Transcribe exactly the lines below that begin at the line with "John Pescoran Pop" and stop after the line with "buy dextro energy", leaving out every picture.

=== DATA EXTRACTS ===
++++++
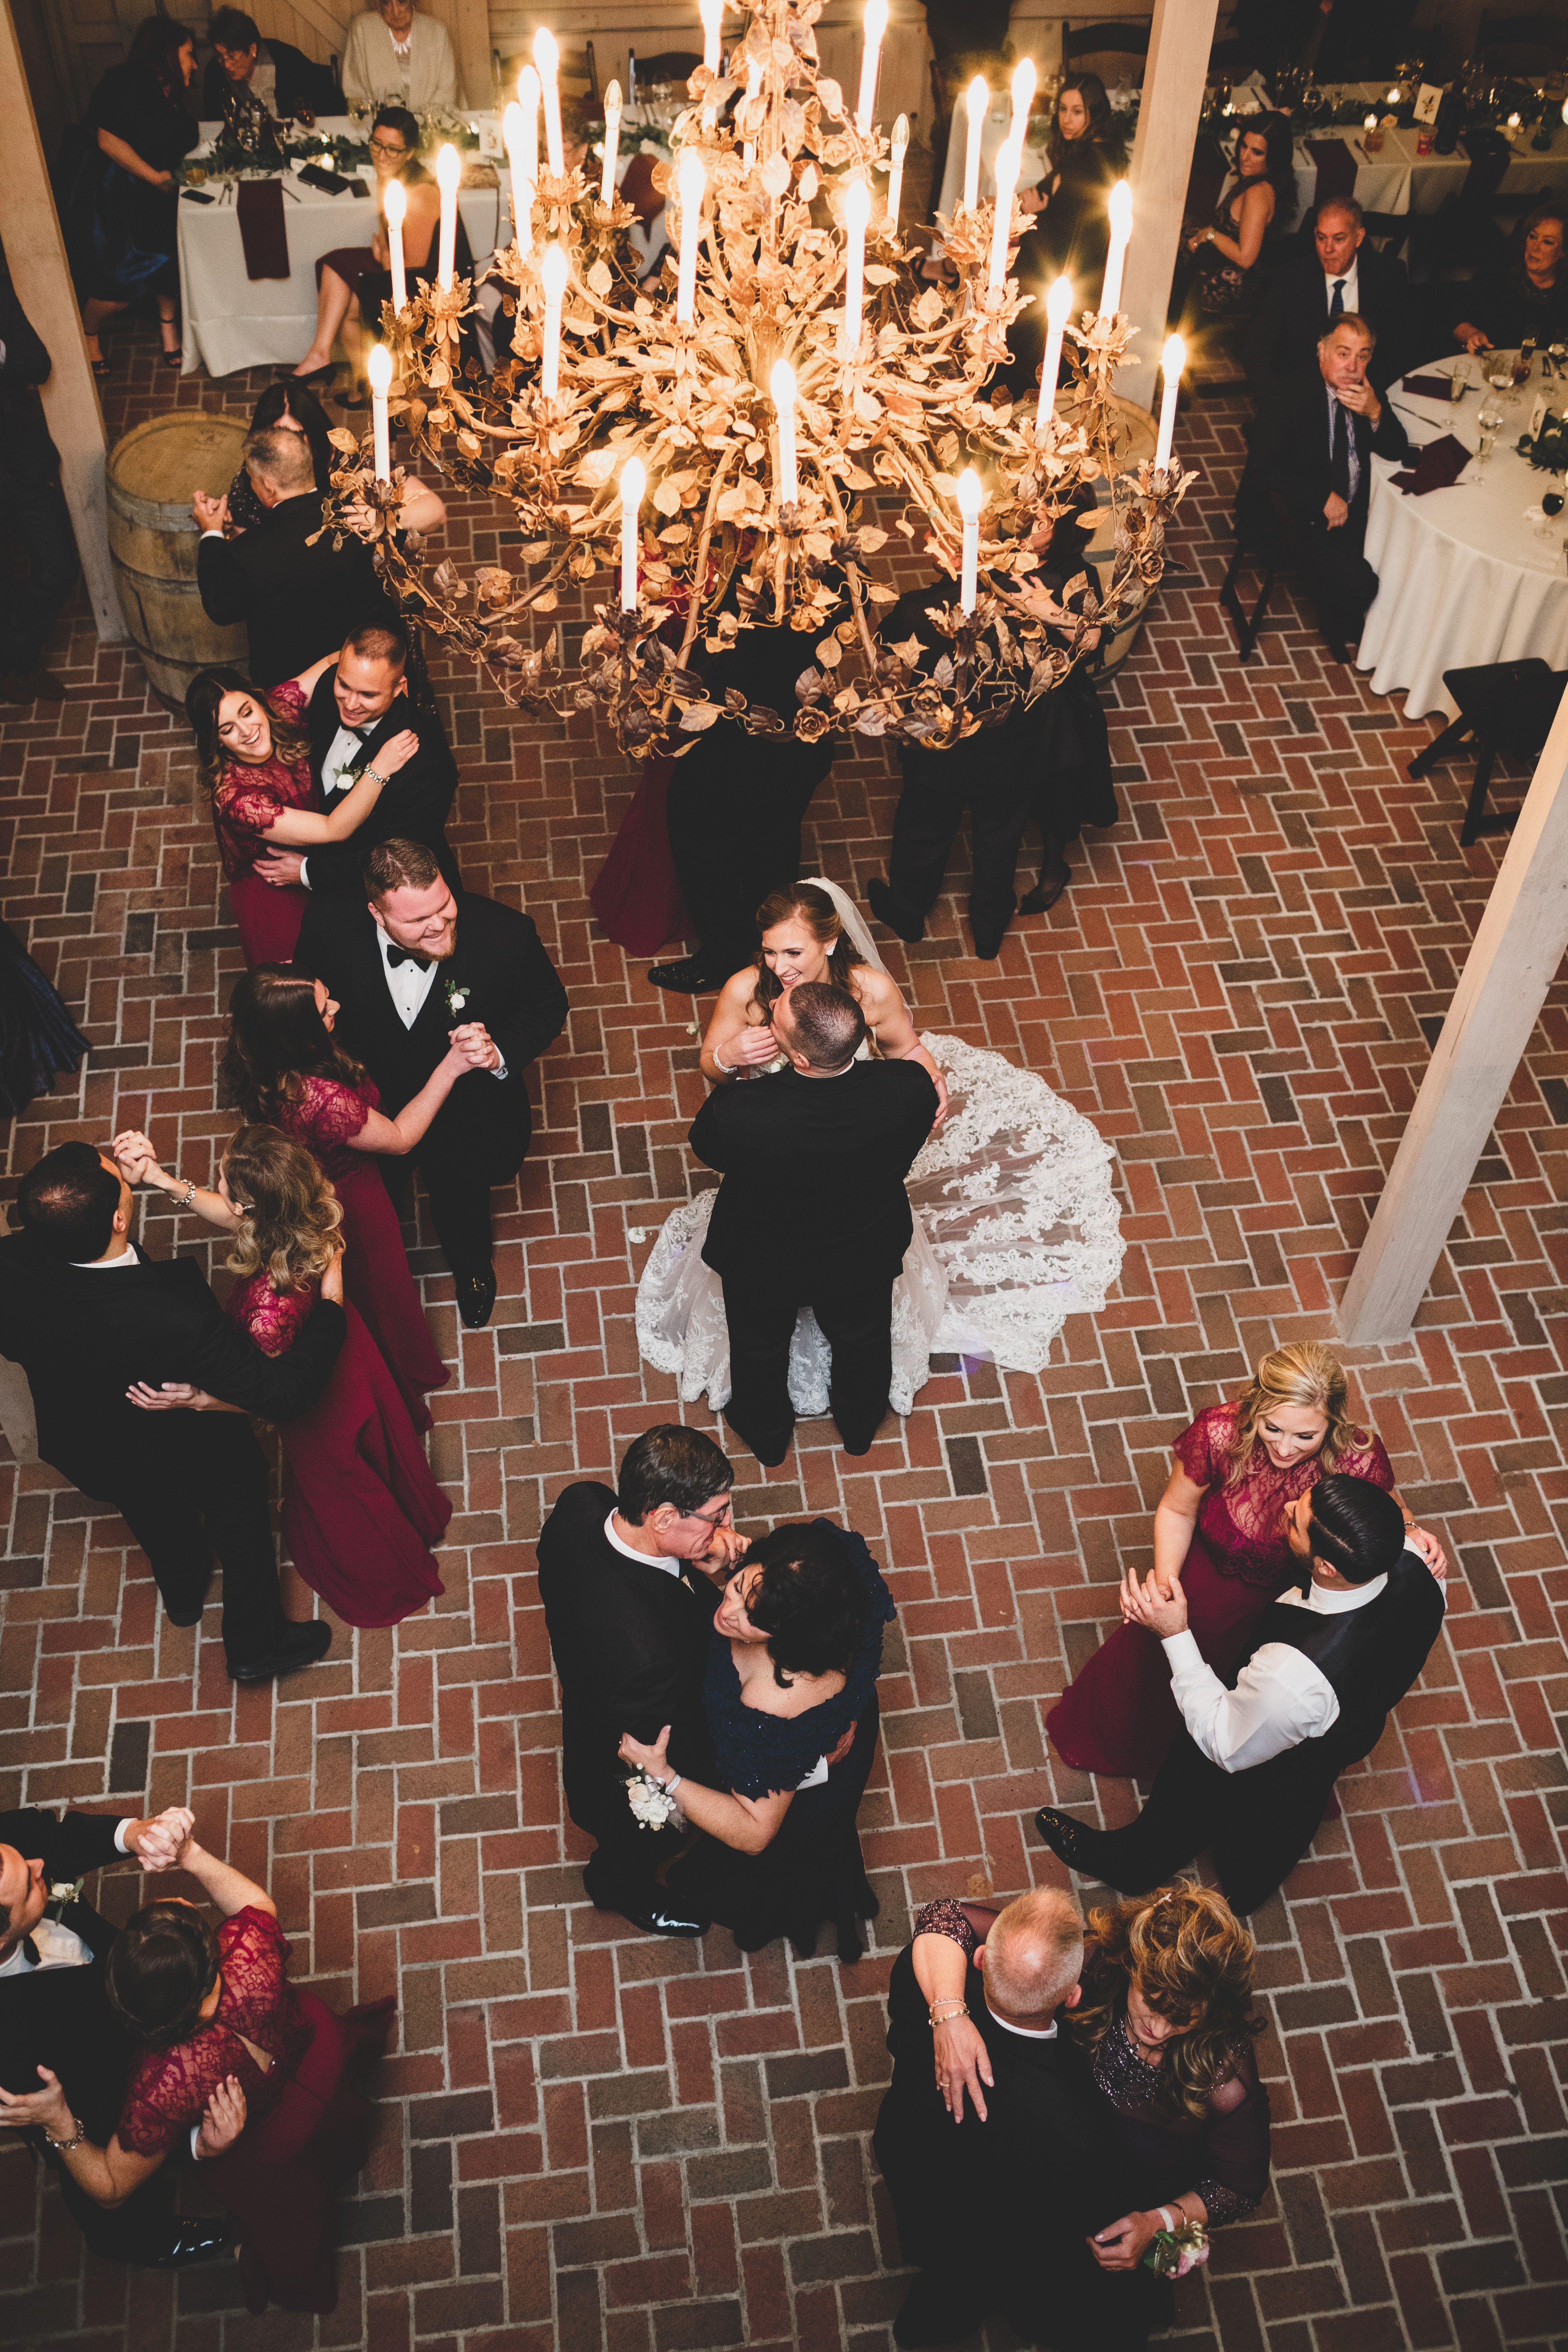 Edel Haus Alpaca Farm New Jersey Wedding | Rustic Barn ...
++++++
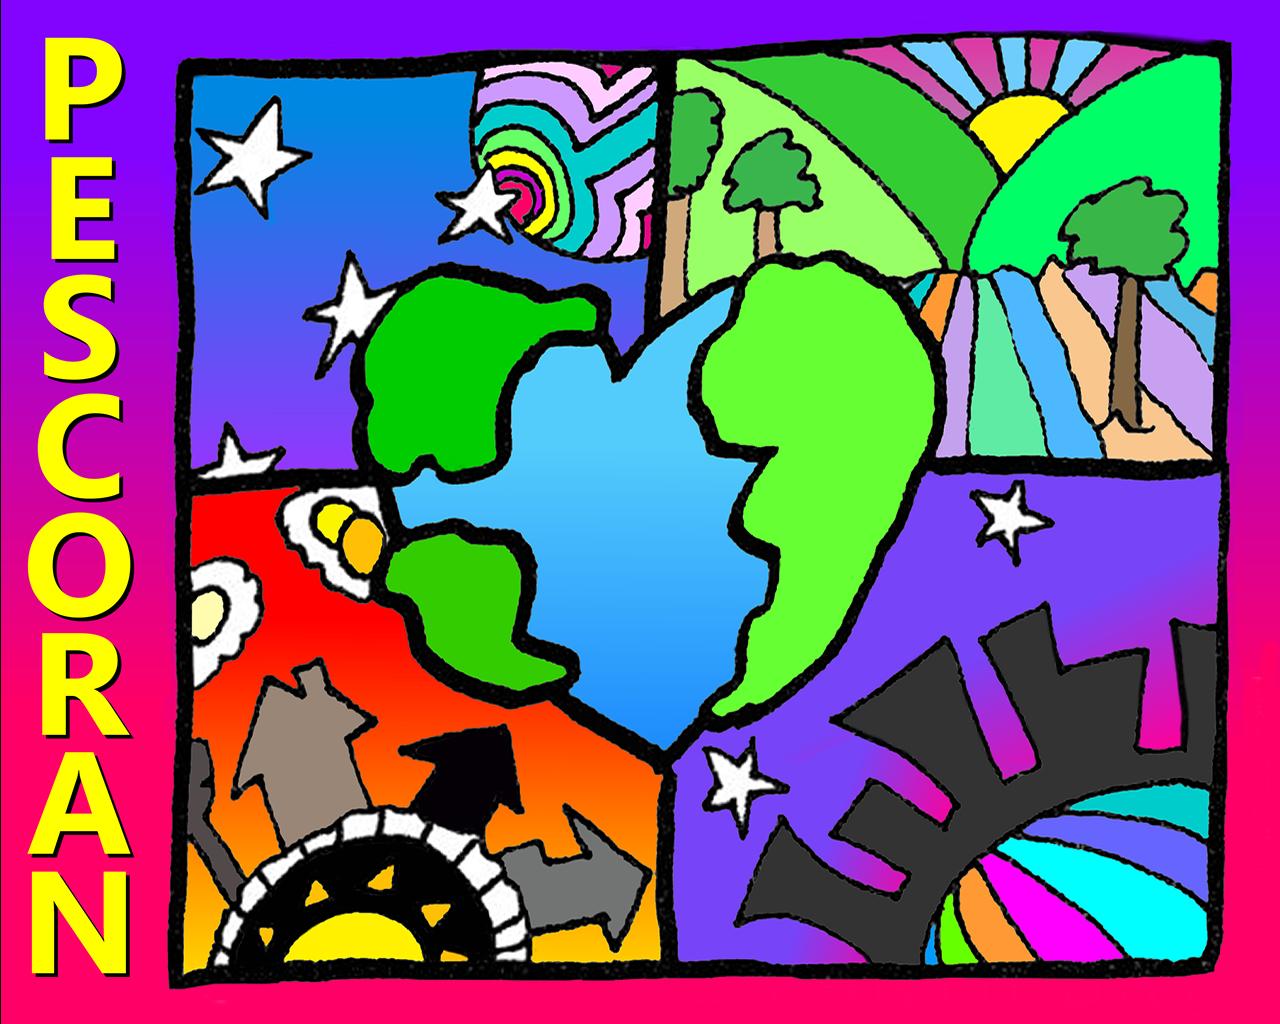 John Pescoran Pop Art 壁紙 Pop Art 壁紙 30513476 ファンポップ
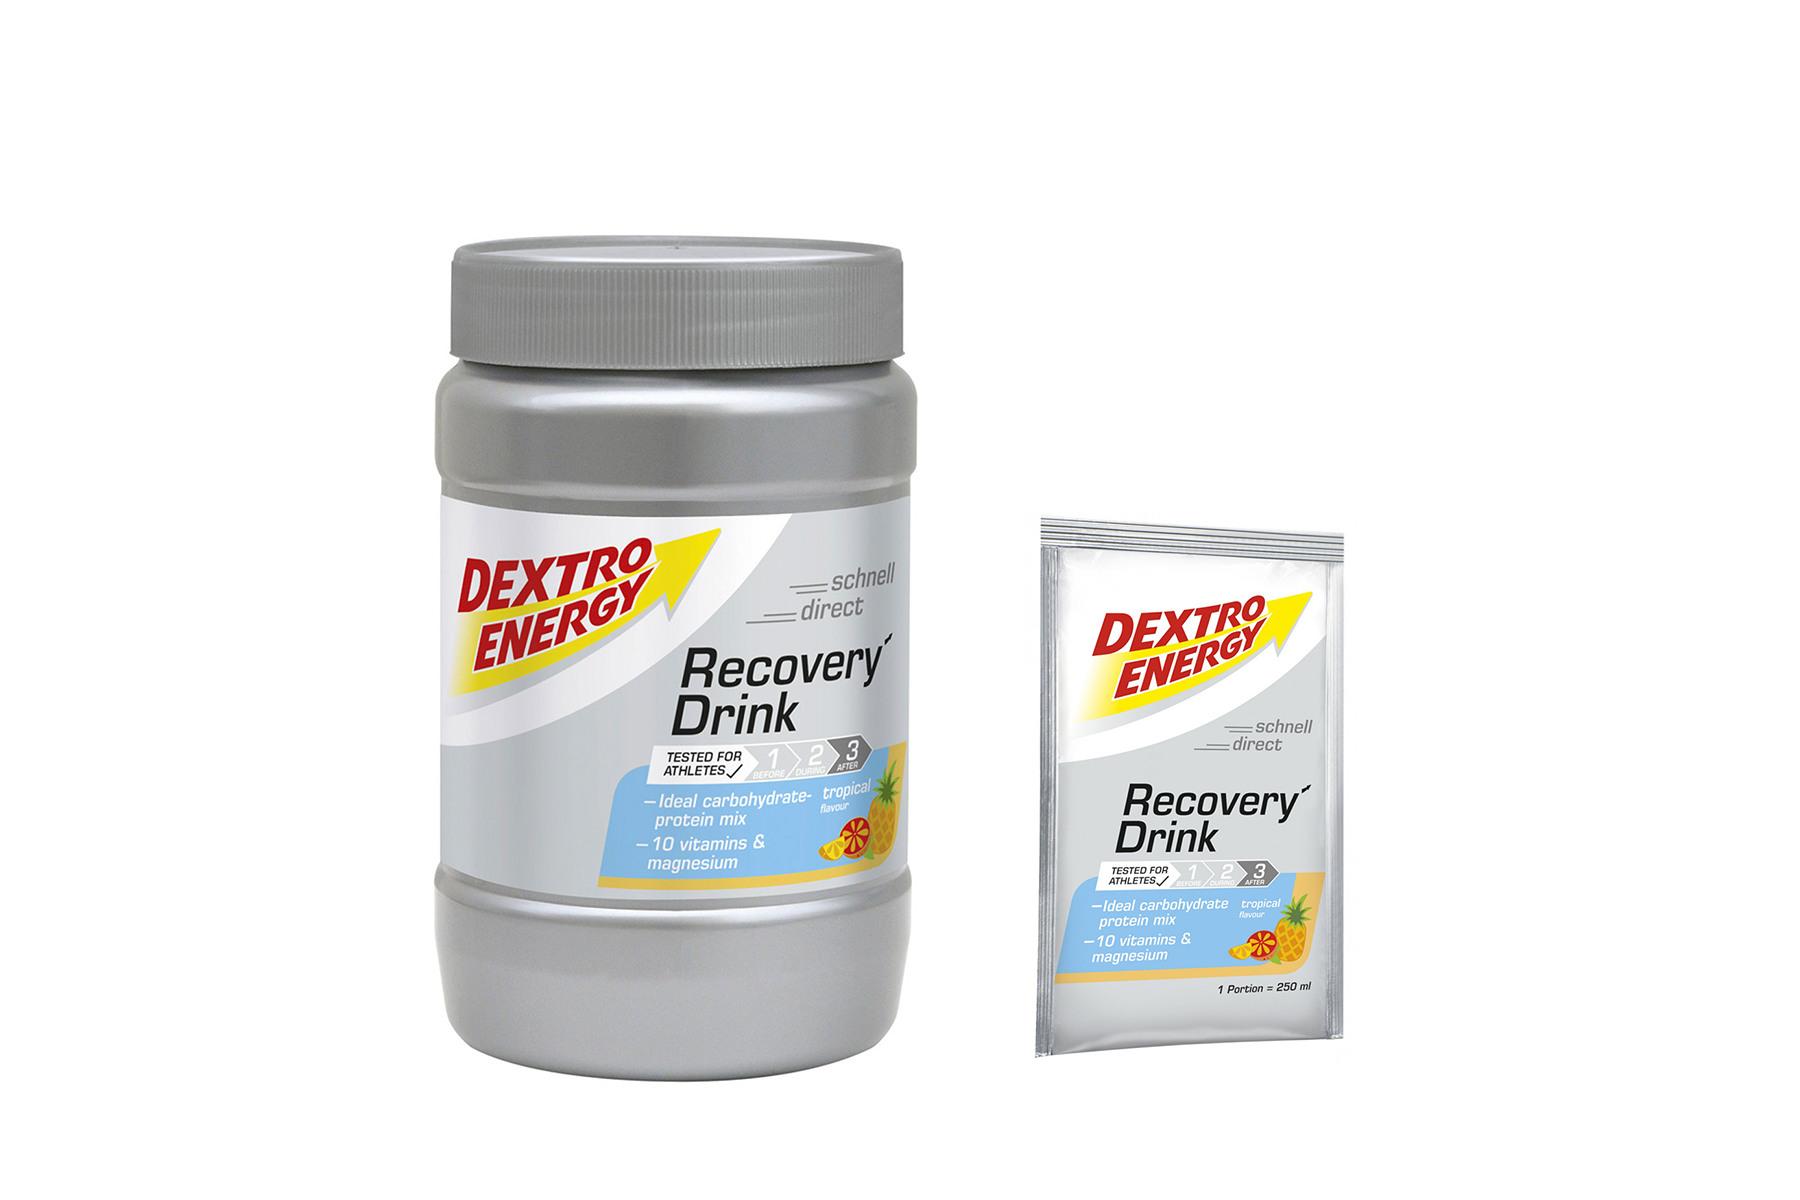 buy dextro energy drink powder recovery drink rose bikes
++++++
=== RESULT FOR THIS EXERCISE ===
 John Pescoran Pop Art 壁紙 Pop Art 壁紙 30513476 ファンポップ
 buy dextro energy drink powder recovery drink rose bikes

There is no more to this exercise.